几个巴掌让杜立薇想起童年的际遇,在爸妈的灵堂前,她听见的不是哀伤的安慰声,全是提高音量的争执声,那些从未见过的叔叔、阿姨,和自称她姑姑、伯父的人,他们争的是如何分配遗产,以及谁该拿多少、谁的份不能少、谁才是受益人。

没人想过要收养她,钱一拿到手便将她送到育幼院,勉强有个得以温饱的栖身之所。

可是食指繁多的院童也想吃饱,他们来自不同环境的家庭,瘦小的她总是被赶到角落,拿着一小片面包干啃,不听话就会被打。

所以她一有能力养活自己便离开了,口头上虽冠冕堂皇地说要减轻院长妈妈的负担,实际上她算是逃出来的,不想再忍受不公的对待。

“不会了,我也不允许旁人动你,从今天起,由我来保护你。”他会把她当成生命守护,不让她因伤心而落泪,只会飞扬跋扈的开怀大笑。“奥特教授……”她动容地抬起头,眼中含着泪水。

他以食指点住桃红唇瓣。“叫我的名字吧!黑眼睛的女巫。”

他的心遗落在小岛国家,被风吹进她细长的丹凤眼。

“奥特。”她喃喃低语。

“乖。”他嘴角含笑地轻抚她柔顺黑发。

“乖?”杜立薇反感地皱起眉,娇弱的表情一扫而空。“亲爱的奥特教授,你不要以为施以温情方式,我就会改口帮你。”

人被骗一次就会学乖,不会被骗第二次。

他挑起眉,笑得瞳眸似在发光。“唷!又披上战士盔甲了吗?”

他还是喜欢她充满朝气的模样,不畏寒冬的眼神尽是勃勃生气,勇敢而果决,散发着令人想亲近的自信。

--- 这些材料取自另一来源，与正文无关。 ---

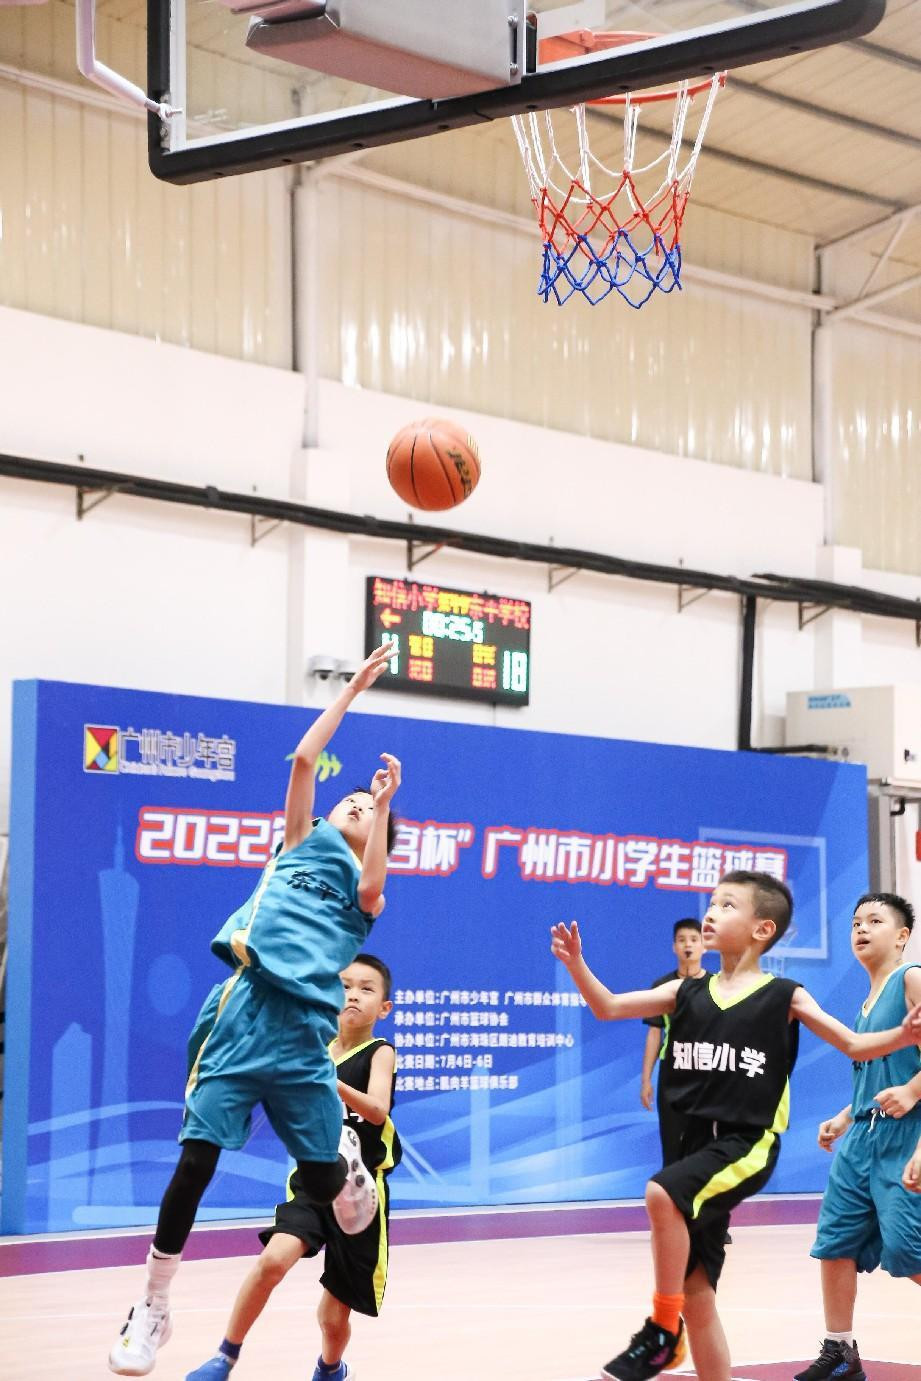 搭平台促“双减” 首届广州市小学生篮球赛开赛

“哼!男人都一样,满嘴花言巧语,以后我会自己带把银剑屠龙,才不希罕你们不安好心的帮我。”不经一事,不长一智。

奥特双手一举做出喊冤的动作。“别把我打入畜生道,我可不是利刃刺心的恶龙。”

连哼了数声,杜立薇非常不爽的重申她绝不帮任何人,让他们堂兄弟为了庞大的家业自相残杀,各显神通地宰了对方。

但是,几日后她便发现,话不能说得太快……

在两万呎的高空上,杜立薇的不爽指数快要破表,直冲机舱外的白云。明明不是心软的人,为什么要改变初衷呢?才没几天她就推翻前言,自打耳光地同意扮演一场戏的主角,陪同飞往陌生的城市。

我要告死你,告得你永无翻身之日。送往医院医治的阿尔梅里亚在伤口包扎后狠狠摇下话。

因为这两句话,她好不容易平息的怒气又翻起,旧帐未清,新帐又起,不高兴遭到欺凌还得被威胁,一个火大便想要回敬一点颜色。至少她的教授比那个窝囊废好太多了,她宁可让奥特快意,也不容小人得志。

“不用紧张,福诺克斯家族的人都很和善。”奥特握住她微冷的小手,用大掌包覆着。